Skip to main content

Databricks

Databricks is a unified analytics platform built on Apache Spark that provides data warehousing, data lake, data engineering, and machine learning capabilities. dlt loads data into Databricks using Delta Lake or Apache Iceberg table formats.

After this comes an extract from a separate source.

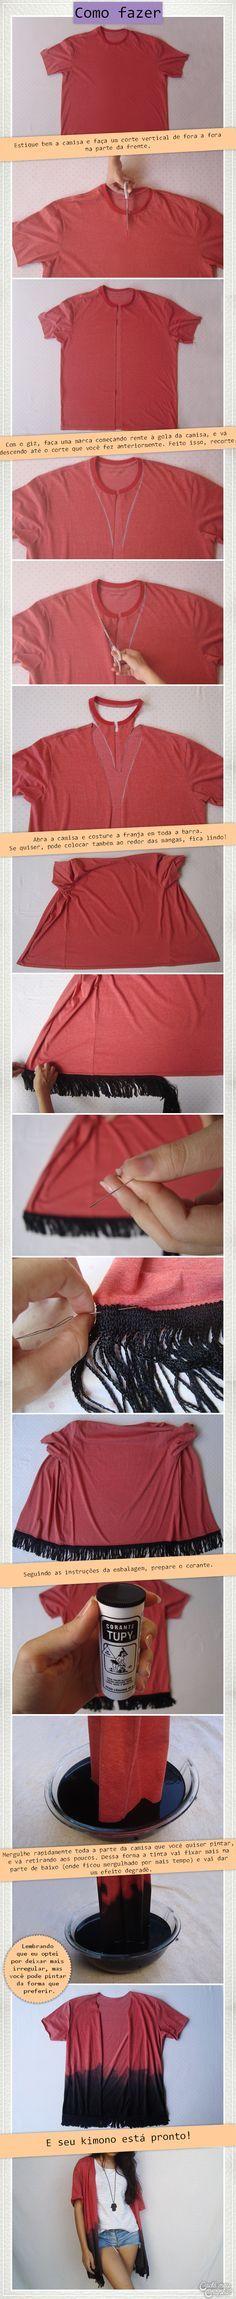 DIY Kimono fashion | DIY Fashion | DIY Quimono | More details on http://www.cademeuchapeu.com/diy-kimono
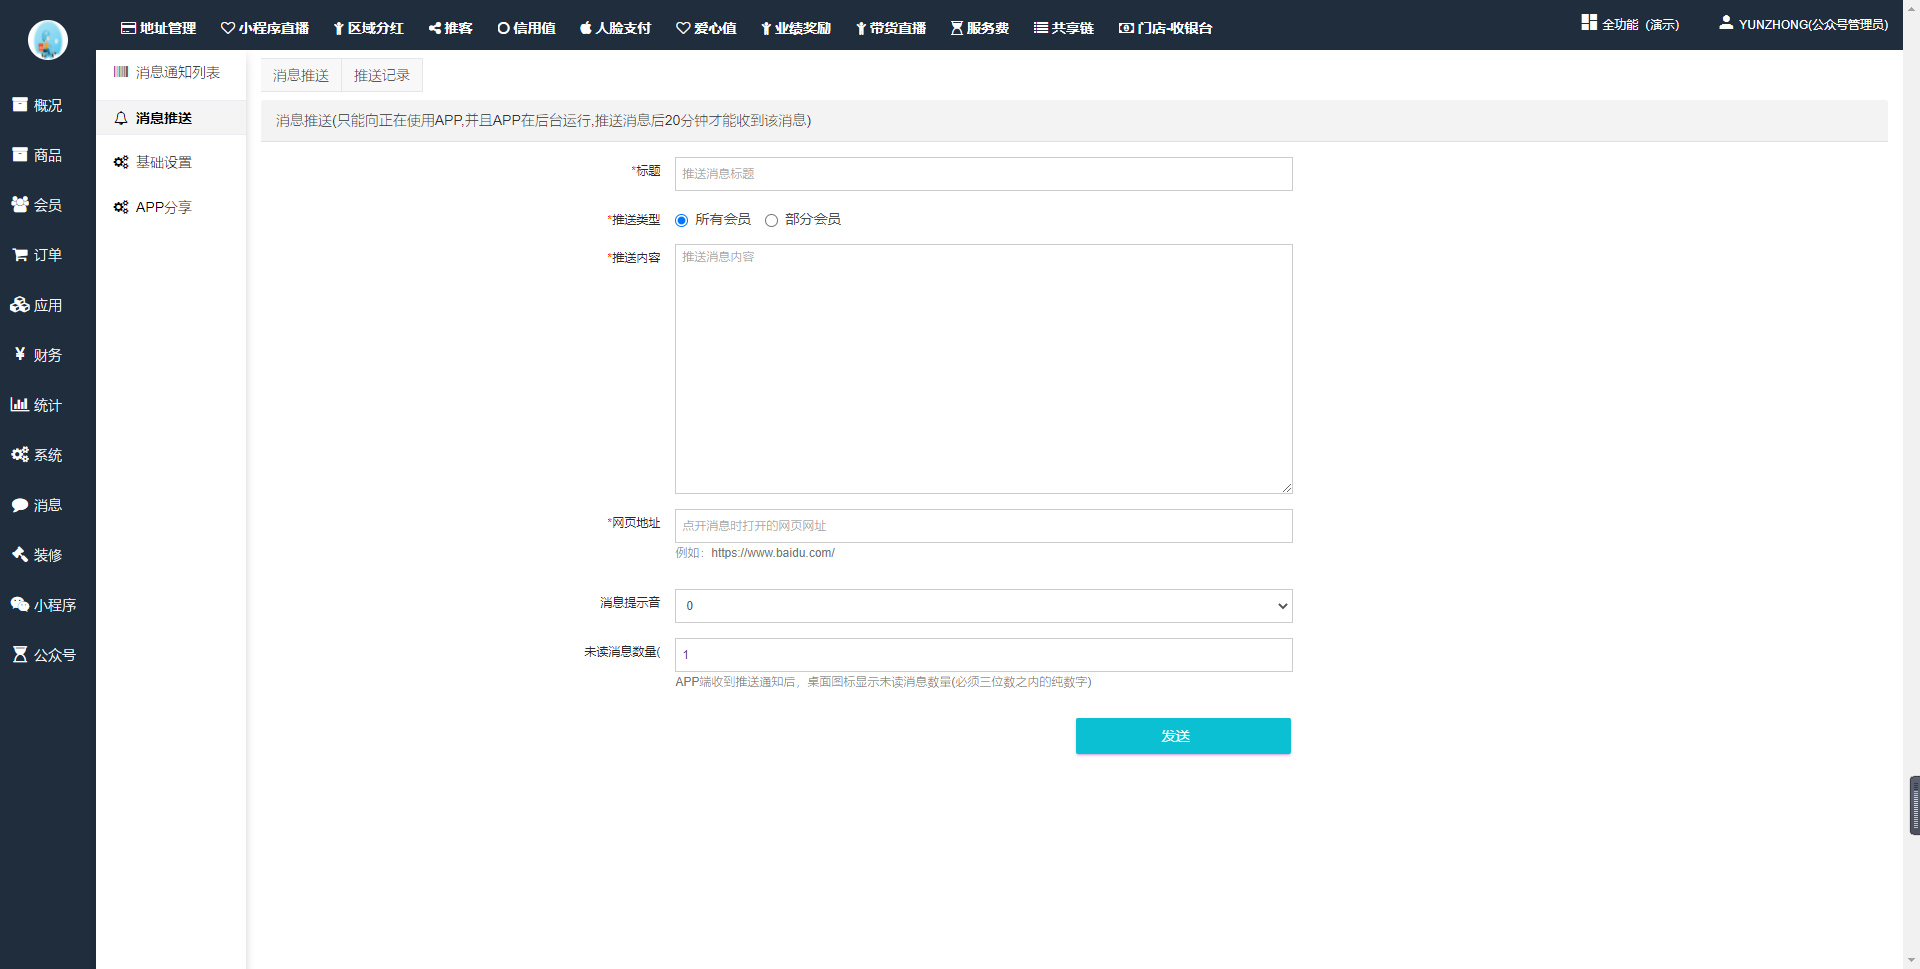 芸众商城APP插件:APP端商城入口 一键配置 快速搭建插图2

Install dlt with Databricks

To use Databricks as a destination, install dlt with the Databricks extra:
pip install "dlt[databricks]"

Quick Start

Here’s a simple example to get you started:
import dlt

# Define your data source
@dlt.resource
def my_data():
    yield {"id": 1, "name": "Alice"}
    yield {"id": 2, "name": "Bob"}

# Create pipeline
pipeline = dlt.pipeline(
    pipeline_name="my_pipeline",
    destination="databricks",
    dataset_name="my_dataset"
)

# Run the pipeline
info = pipeline.run(my_data())
print(info)

Configuration

Basic Configuration

server_hostname
string
required
The Databricks workspace hostname (e.g., adb-1234567890123456.7.azuredatabricks.net)
http_path
string
required
The HTTP path to the SQL warehouse or cluster (e.g., /sql/1.0/warehouses/abc123def456)
catalog
string
required
The Unity Catalog name where data will be loaded

Advanced Configuration

staging_credentials_name
string
Name of credentials to use in COPY command if set
is_staging_external_location
bool
default:"false"
If true, temporary credentials are not propagated to the COPY command
staging_volume_name
string
Name of the Databricks managed volume for temporary storage (format: catalog.schema.volume)
keep_staged_files
bool
default:"true"
Whether to keep staged files in the volume after loading
create_indexes
bool
default:"false"
Whether PRIMARY KEY or FOREIGN KEY constraints should be created

Authentication

Create a .dlt/secrets.toml file with your access token:
[destination.databricks.credentials]
server_hostname = "adb-1234567890123456.7.azuredatabricks.net"
http_path = "/sql/1.0/warehouses/abc123def456"
catalog = "my_catalog"
access_token = "dapi1234567890ab1cde2f3ab456c7d89efa"
1

Create a Databricks Workspace

Set up a Databricks workspace in your cloud provider (AWS, Azure, or GCP).
2

Create a Unity Catalog

Navigate to Data > Catalog and create a new Unity Catalog metastore.
3

Create a SQL Warehouse

Go to SQL Warehouses and create a new warehouse for running queries.
4

Generate Access Token

Click your profile > User Settings > Access Tokens > Generate New Token.
5

Configure dlt

Copy the token and connection details to your secrets.toml file.

OAuth (Service Principal)

Use OAuth with client credentials:
[destination.databricks.credentials]
server_hostname = "adb-1234567890123456.7.azuredatabricks.net"
http_path = "/sql/1.0/warehouses/abc123def456"
catalog = "my_catalog"
client_id = "your-client-id"
client_secret = "your-client-secret"

Databricks Notebook Authentication

When running inside a Databricks notebook, dlt can automatically detect credentials:
import dlt

# No credentials needed - uses notebook context
pipeline = dlt.pipeline(
    destination="databricks",
    dataset_name="my_dataset"
)
You only need to specify the catalog:
[destination.databricks.credentials]
catalog = "my_catalog"

Data Loading

Databricks uses cloud storage (S3, Azure Blob, GCS) for staging data before loading into Delta tables.

Staging Support

Databricks requires a staging location:
import dlt

pipeline = dlt.pipeline(
    destination="databricks",
    staging="filesystem",
    dataset_name="my_dataset"
)
Configure staging credentials:
# For Azure
[destination.filesystem]
bucket_url = "az://my-container/staging"

[destination.filesystem.credentials]
azure_storage_account_name = "mystorageaccount"
azure_storage_account_key = "your-account-key"

# For AWS
[destination.filesystem]
bucket_url = "s3://my-bucket/staging"

[destination.filesystem.credentials]
aws_access_key_id = "your-access-key"
aws_secret_access_key = "your-secret-key"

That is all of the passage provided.